The context window is the attack surface. If the knowledge arriving in that window has no provenance, no integrity check, and no way to distinguish "never signed" from "signature removed," you have a supply-chain problem wearing a different hat.

The context window is the attack surface. Unverified manifests from federated sources can carry injected instructions, stripped signatures, or poisoned content — and without a trust pipeline, they arrive indistinguishable from legitimate knowledge.

The Trusted Render Pipeline

v0.16 introduces kcp render (SPEC section 16), a deterministic pipeline that produces a derived, sanitized artifact from a raw manifest. Three design principles:

  • LLM-free. No language model at any stage. Deterministic transforms only.
  • Fail-closed. On any failure, exit code 2 and no output. No partial render, no "best effort."
  • Consumer-side tier assignment. Trust tiers are computed by the consumer, not declared by the producer. A manifest cannot claim to be trusted.

The Trusted Render Pipeline: raw manifest in, sanitized artifact out. LLM-free, deterministic, fail-closed. The pipeline enforces a schema whitelist, runs an imperative-mood lint, and computes trust tiers consumer-side.

Four trust tiers, computed after render:

Tier Meaning
trusted Valid signature from an allowlisted key, scope matches
known Valid signature from a recognized but non-allowlisted key
unsigned No signature present, no scope expectation violated
failed Signature present but invalid, or expected signature missing

Plus unrendered, a pseudo-tier for manifests that have not been through the pipeline at all -- strictly worse than failed, because at least failed went through verification.

Consumer-Side Tier Assignment: the diagnostic matrix for all five trust states. Tiers are computed by the consumer over the content_integrity block — producers cannot self-declare a tier.

Content integrity

The manifest gains a trust.content_integrity block:

trust:
  content_integrity:
    manifest_hash: "sha256:a1b2c3d4..."
    signing:
      algorithm: "EdDSA"
      public_key: "ed25519:MCowBQYDK2VwAyEA..."
      signature_location: "knowledge.yaml.jws"

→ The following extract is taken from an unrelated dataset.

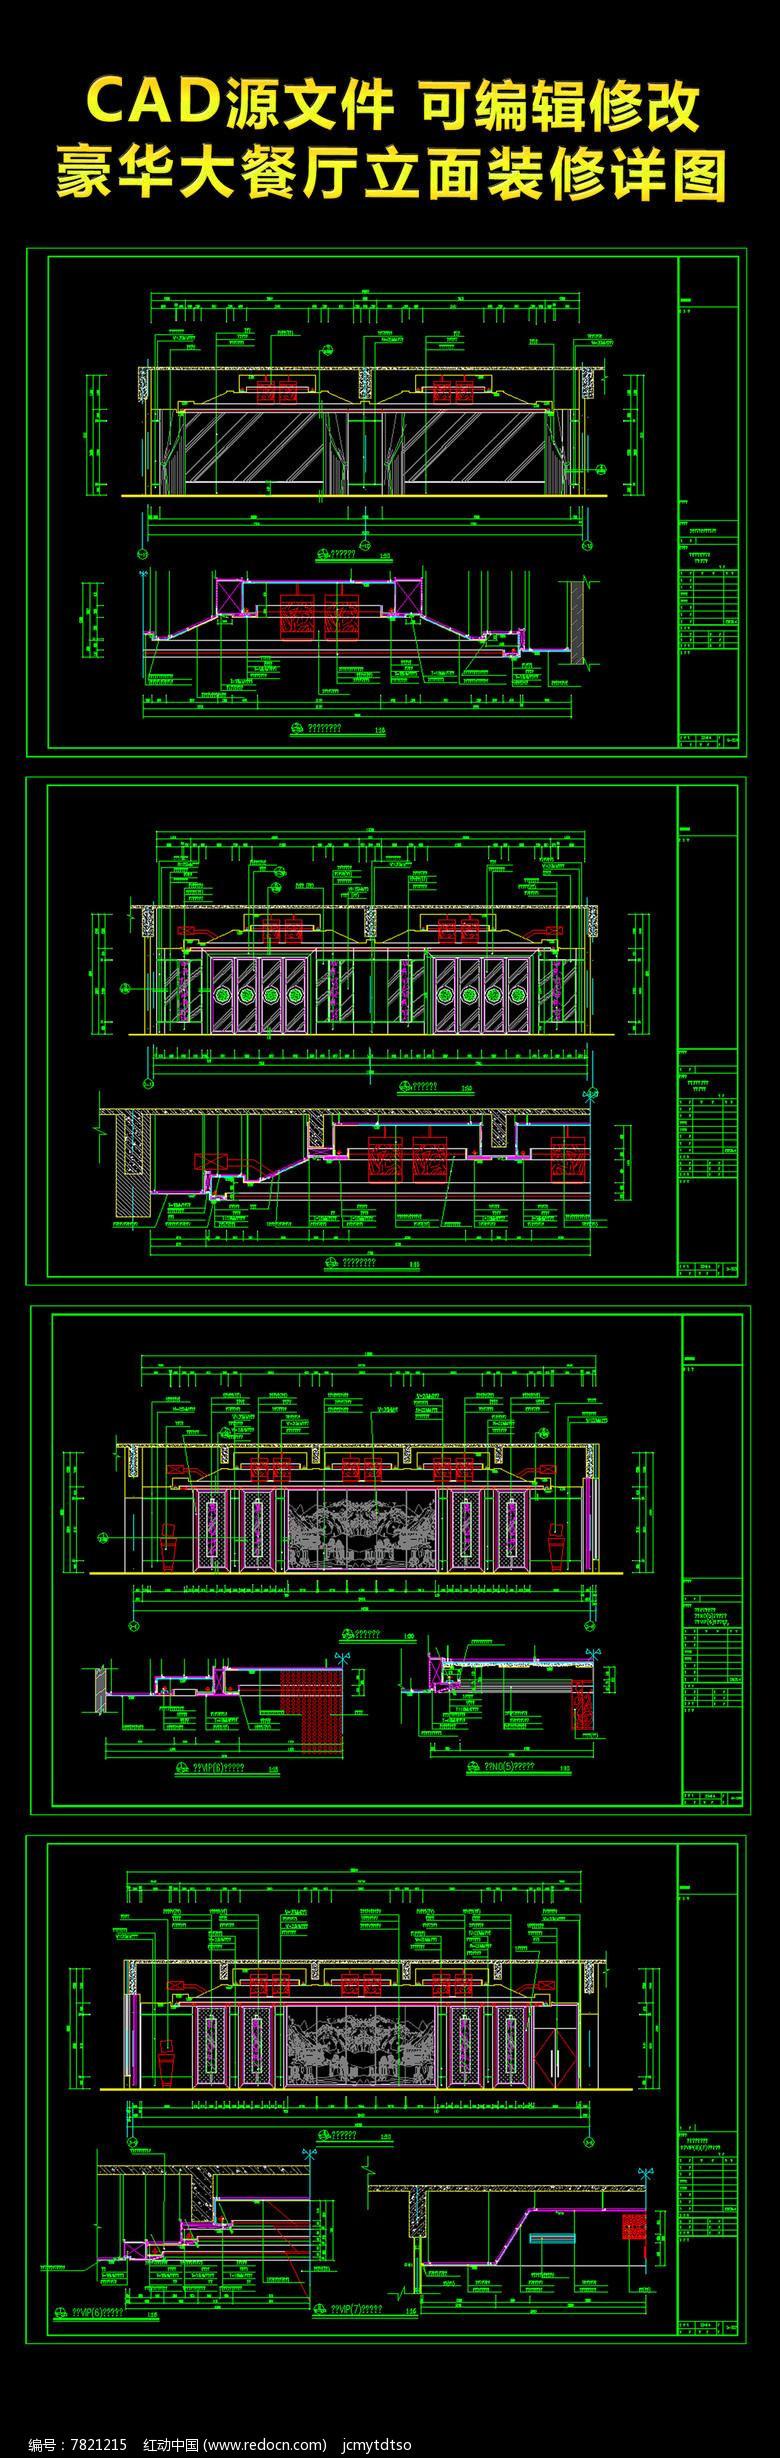 豪华大餐厅立面装修详图CAD图片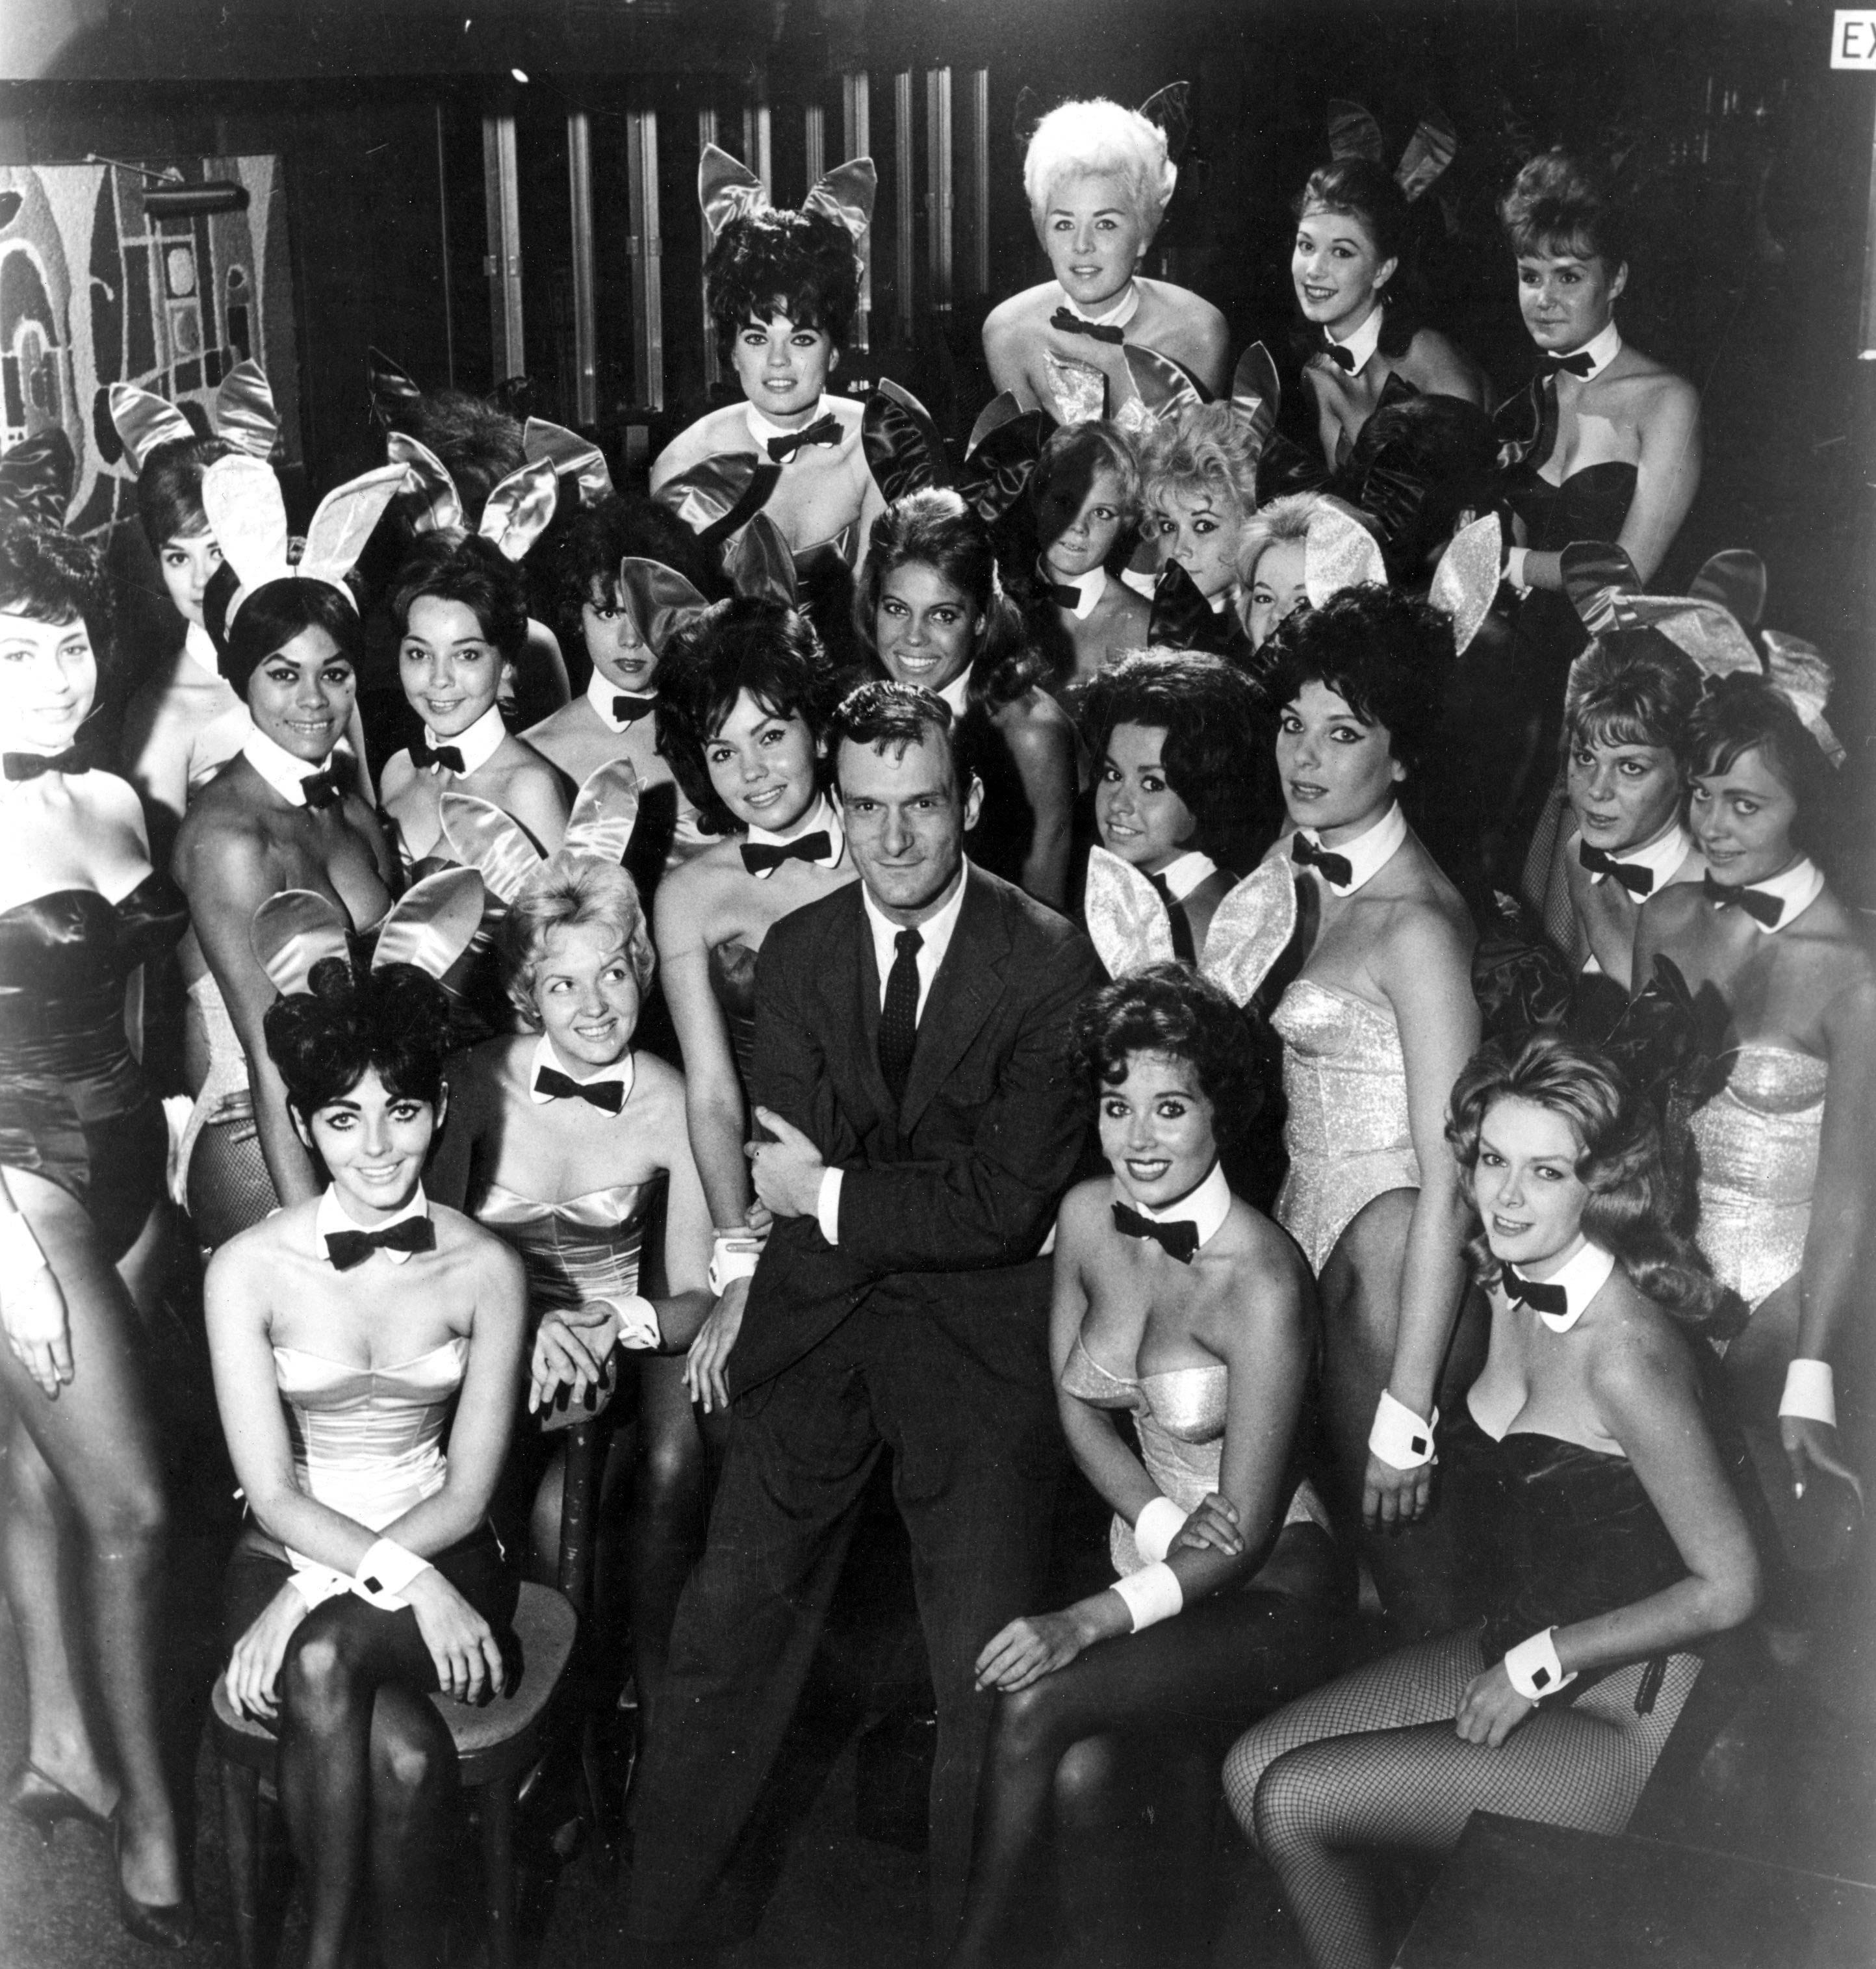 Hugh Hefner at a Playboy Club in 1962

EdDSA with Ed25519 (RFC 8037) is mandatory-to-implement. The signature is a detached JWS over canonical manifest bytes -- it lives in a separate file, so the manifest itself is unchanged. You can still cat knowledge.yaml and read it.

Closing the signature-stripping attack

The mechanism is scope pinning. When you add a public key to your allowlist, you pin a scope: expected origins where manifests signed by that key should appear. A manifest arriving from a pinned origin without a signature renders as failed, not unsigned. The absence of the expected signature is itself the signal.

Without scope pinning, signature stripping degrades a manifest from trusted to unsigned. With scope pinning, it degrades to failed. The difference between "this was never signed" and "this should have been signed but was not" is the difference between a policy decision and a security incident.

Closing the signature-stripping attack with scope pinning. Without it: strip the signature, degrade from trusted to unsigned, pass policy. With it: a missing signature from a pinned origin renders as failed — the absence is the signal.

Sanitization

Two sanitization layers run before output.

A render-schema whitelist strips unknown fields. If someone adds an llm_instructions field, it does not survive rendering. Versioned, explicit, no pass-through of unrecognized keys.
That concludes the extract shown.